Odyssey, The Voyage of Gerit Grimm, presents a variety of visually stunning works in clay ranging in many different sizes encompassing imagination and narrative.

The genesis of this exhibition began with a couple of conversations with the artist at a time when she was training to become a yacht master. The quest was earmarked by her 50th birthday. It seemed like a natural materialization to do a retrospective exhibition. Looking through her body of work, there is a suggestion of movement. Works like Beauty Salon, Sirens, and Death Entombment embody this analysis. Her creations are fluid. Grimm is a student of figural expression. It is wonderfully captured and expressed.

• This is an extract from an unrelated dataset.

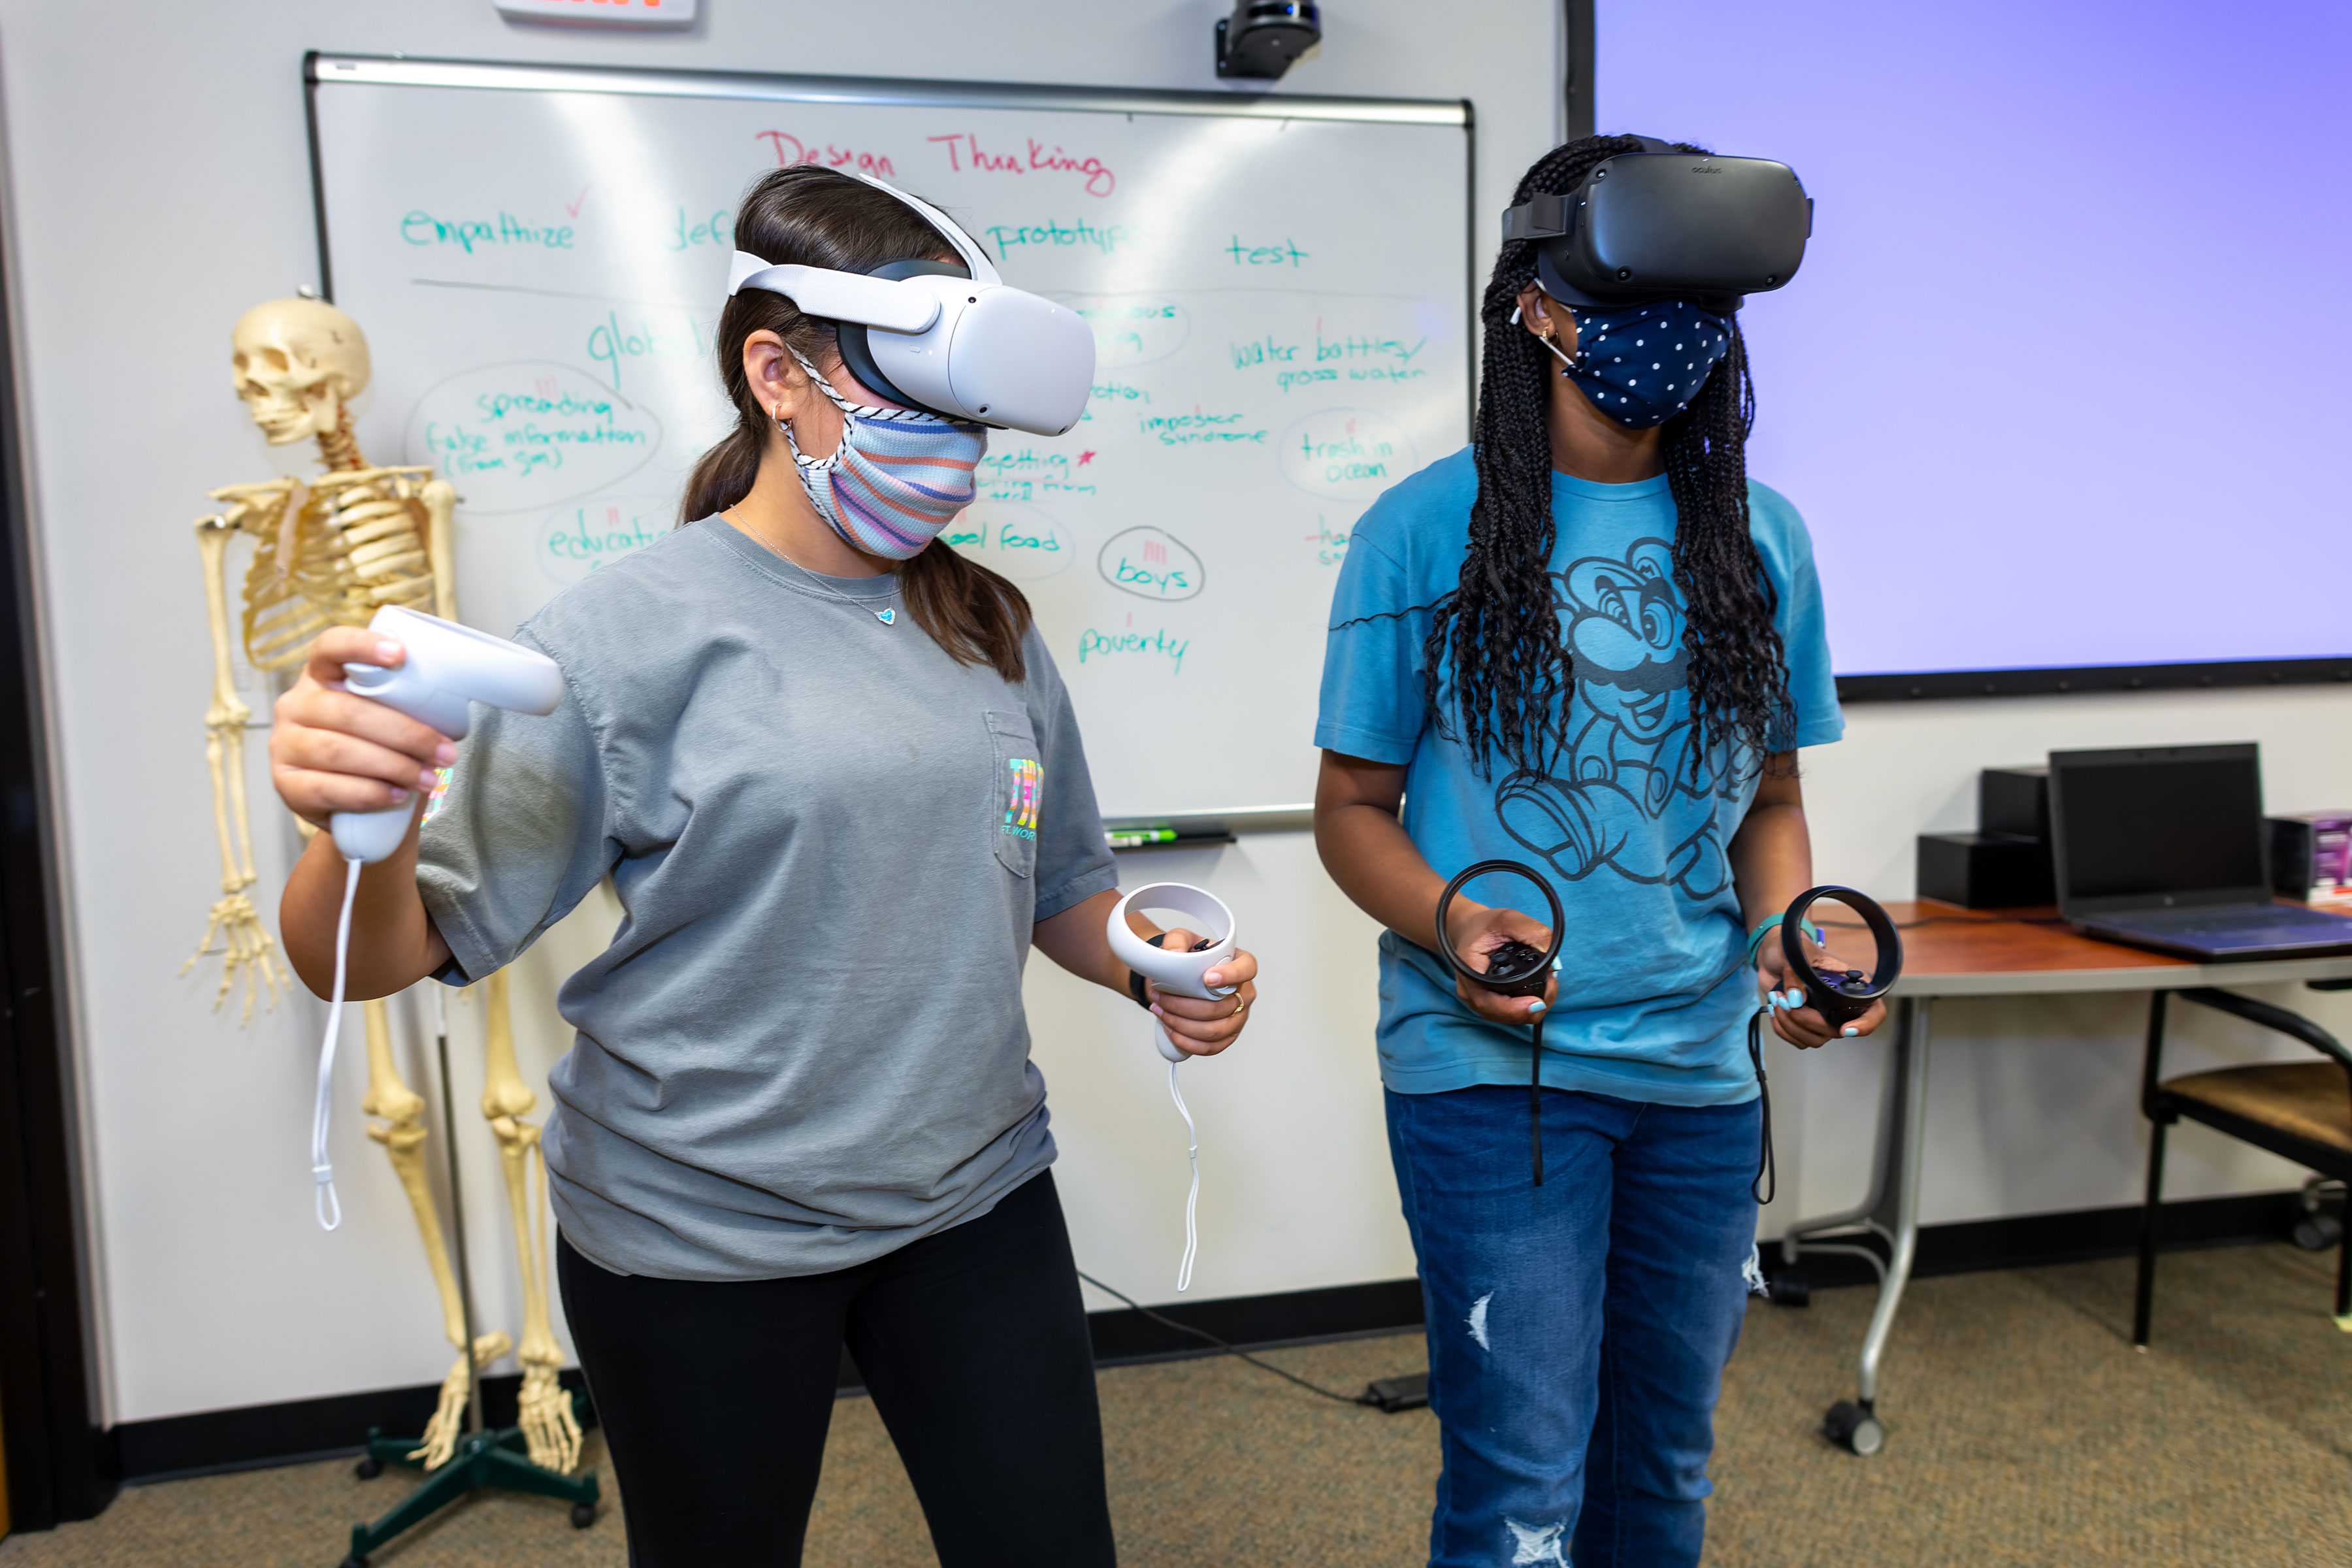 Amelia Rodriguez and Addi Gui, middle school students from Fort Worth, test VR technologies.

This retrospective exhibition spans a career of over 20 years. There is a natural progression in Grimm’s work as each year of work builds on another. There is a visual vocabulary she employs, coupled with her travels and inspirations, to create such lively and intricate works. She is particularly detailed and an amusing storyteller at times. Other times, her subjects require reflection. The pivot from glazed work to a natural clay look lends a seriousness to the work.

It has been such a pleasure for me to pore over Gerit Grimm’s body of work and determine what would be in this environment for you to see. I hope you will see something extraordinary, something that piques your interest. I hope you will enjoy it.

Hieyler Pimpton
Guest Curator

Hieyler is an artist living in Atlanta, Georgia. She is a painter, collage artist, and printmaker. She has an M.F.A. from Savannah College of Art and Design.